Monday, November 3, 2008

Day Three, early

This thing is kinda crazy. Apparently there is now a church fasting and praying for Wilson. WOW! Even bigger, we've never met one of them. So to everyone reading this and participating with prayers, thoughts, and fasting, a big thank you. The Lord tells us that His plan is better than ours, and I know that, sometimes it's just hard to remember. I also know that he has an answer for every prayer I give to Him, and that He knows I can handle everything he is giving me right now. I just have to keep that in the back of my mind. Heck, even my "arch enemy" is participating (great blog too: http://www.youseedrybones.com/)

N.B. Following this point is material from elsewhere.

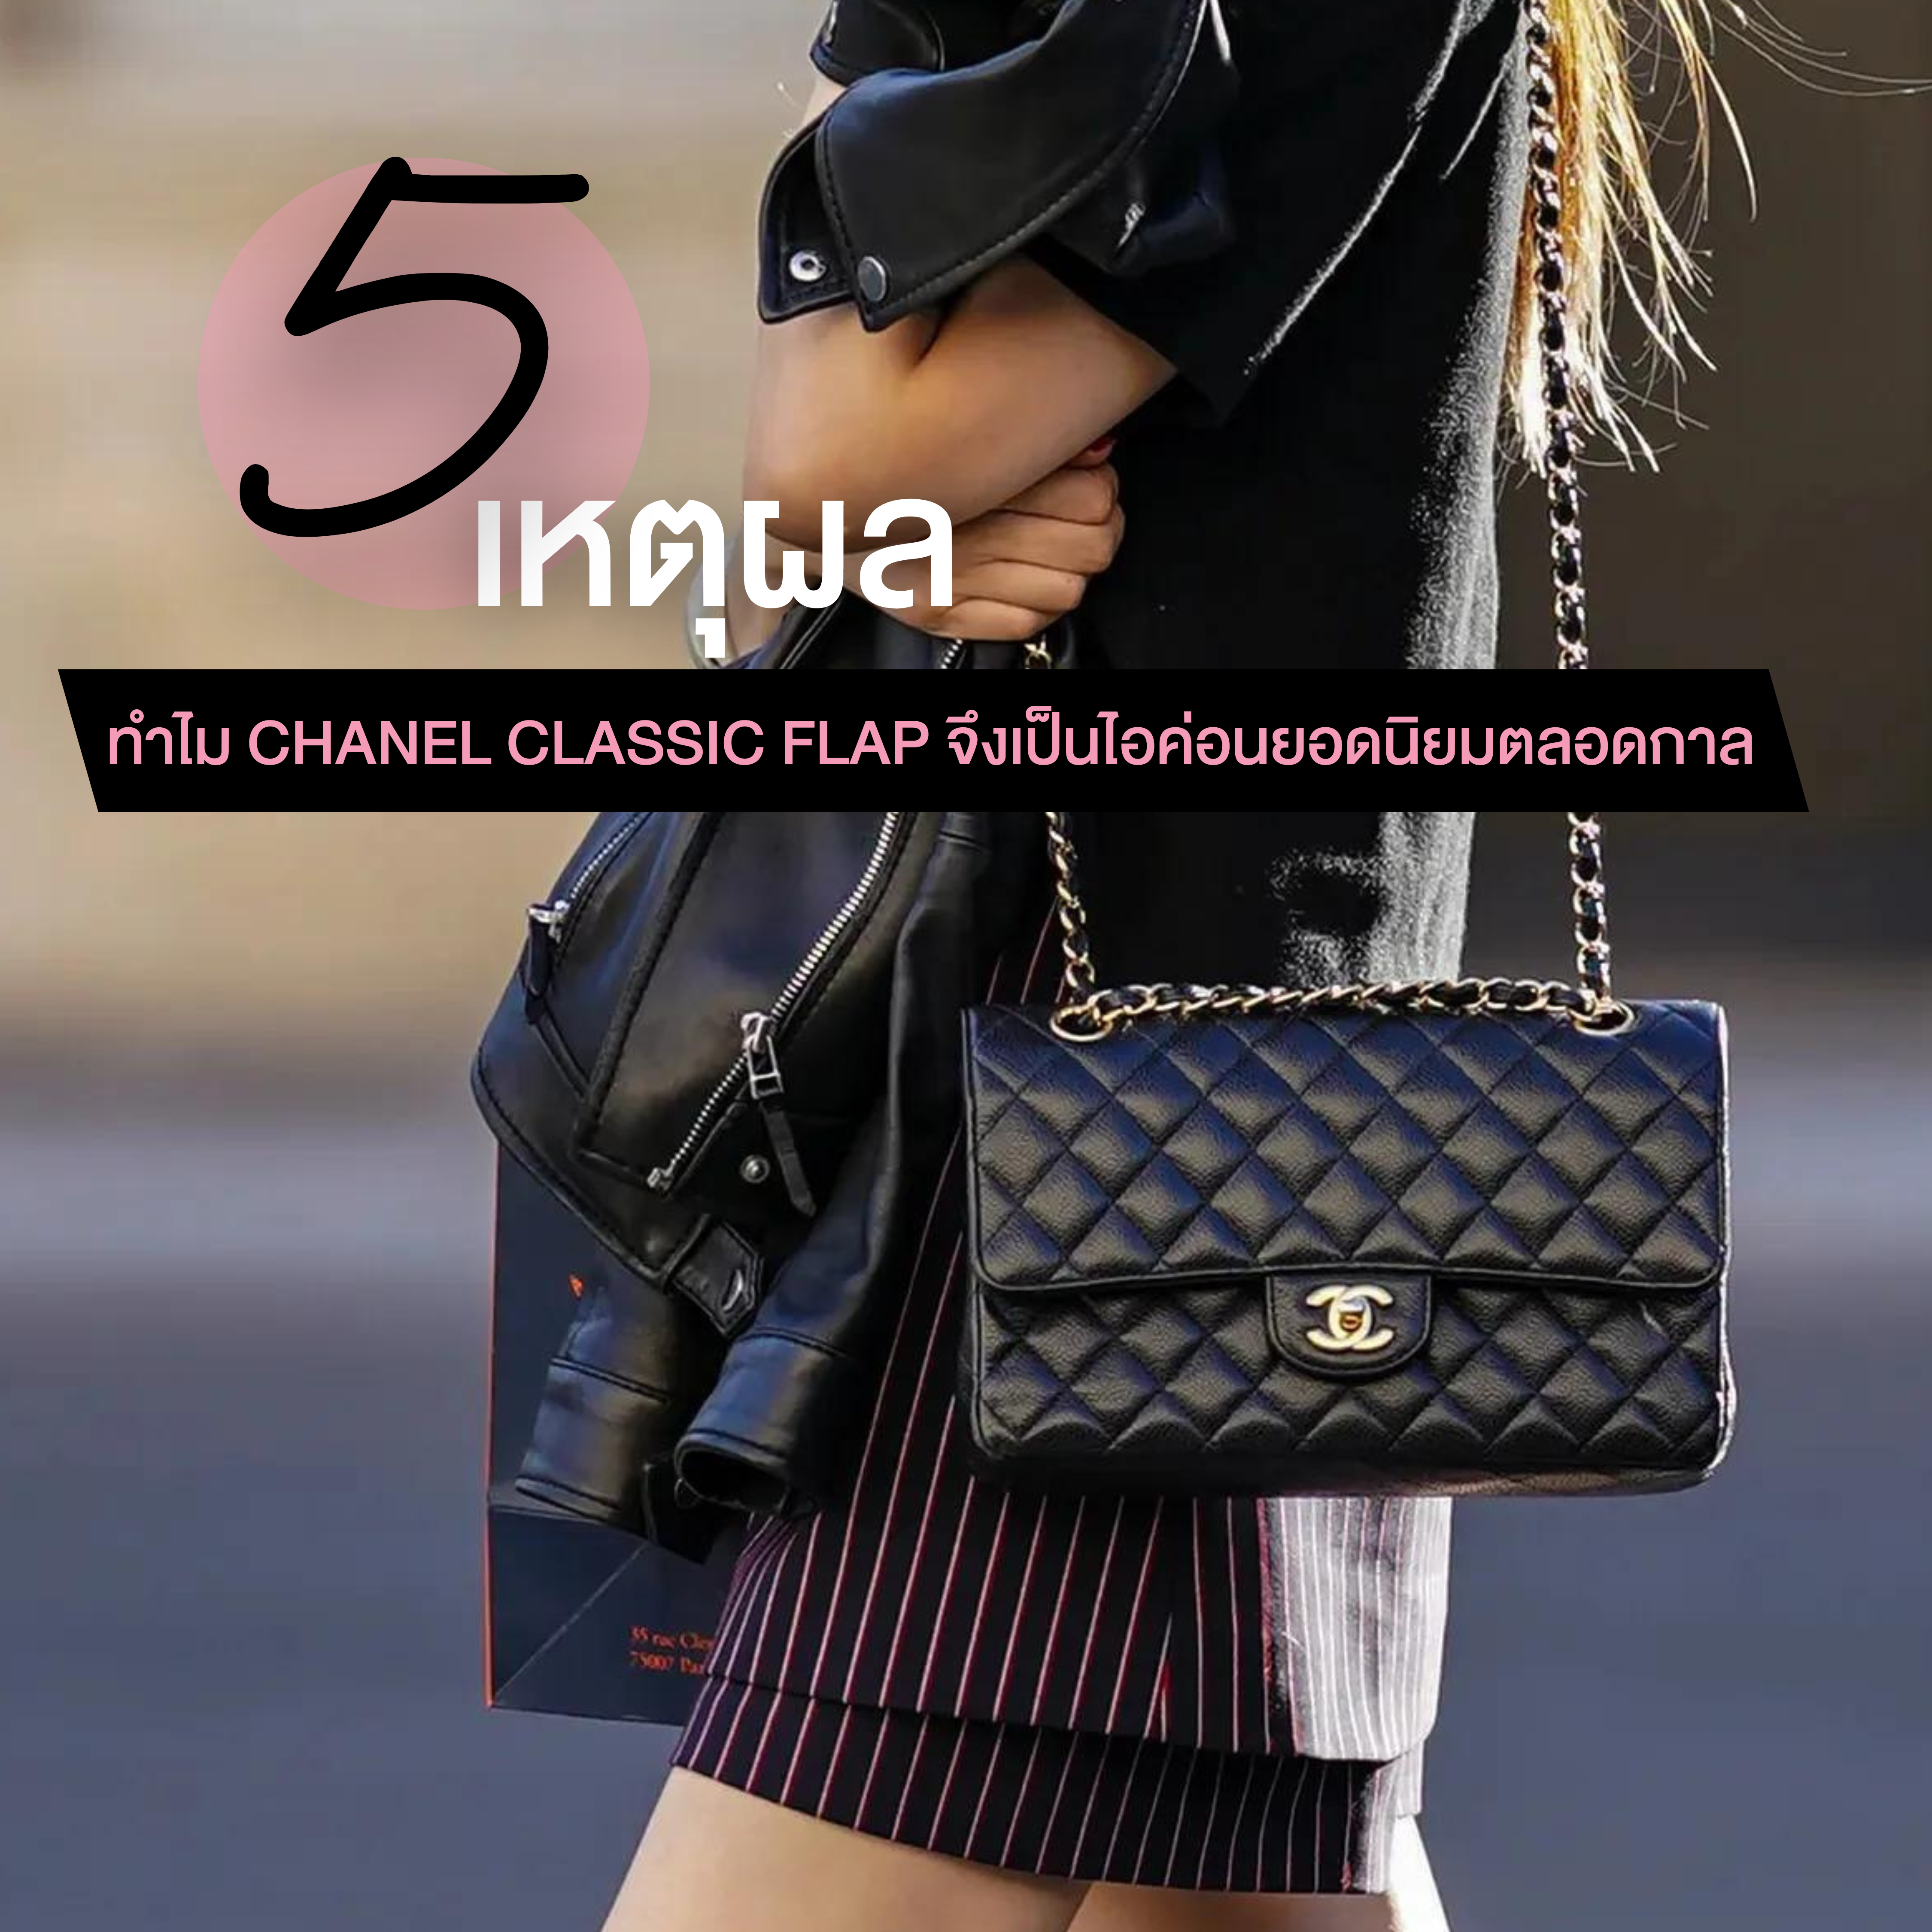 5 เหตุผลทำไม Chanel Classic Flap จึงเป็นไอค่อนยอดนิยมตลอดกาล

Here is what God is teaching me so far through this fast; I am not insignificant, nor is my family. Sometimes I just feel so small in this world, like I am going to be swallowed alive. I just go about my life, but I realize many many people have way bigger problems than mine. I have a hubby that loves me, a monster that thinks I'm the coolest mama ever (for now anyway,) a job, house, etc. Why could God spend time worrying about us, just because Wilson can't eat some food? Then I am reminded that even the smallest problem, God wants to fix it for me, He wants me to surrender it, He wants me to let HIM work it out and not take it on myself. So this is what I am doing. This fast and the large number of people participating reminds me that we aren't insignificant, that God will use my friends, family, etc. to change the world. He took time out to look at us and give us this opportunity to come together as one flesh and sacrifice for my son's health. I'm just not sure I can tell you what this means to me.

I am also learning that it isn't that difficult to make food Wilson friendly. For the last year or so, we have been making two dinners every night. While it isn't super inconvenient, it does take up more time. But there are great recipes that my son can have, and they taste great. This can help us in the future for parties, family functions, and even just dinners so he doesn't feel excluded. And we can feel closer to him; understanding exactly what he tastes, feels, etc will help us to know him better and to be better parents.

I have also discovered that I LOVE cheese. I genuinely do not like salads without it. I don't have to have a ton, but I really like cheese on most foods I eat. It's a weird thing, I know, but I miss my cheese. Thursday after his test, I will probably eat a pound (or a slice.)

An update on Wilson as well, he did wonderfully on Halloween. He was the best Superman in the history of the world, and we successfully traded his candy with no tension. We also had no breakouts, but are now off all allergy medication, and boy can we tell. He is snotty, cranky, and you can tell he just doesn't feel well. It started within 12 hours of when he was supposed to recieve the dose, and unfortunately the time change isn't helping. So please add to your prayers his safety and health this week while off all the meds. Moms worry, even if they've surrendered the illness to God.
Blessings, wilsonsmom

1 comment:

youseedrybones said...

This is all good stuff. It is so cool to see what this big God is doing for you guys. A WHOLE CHURCH is praying for you, just cool.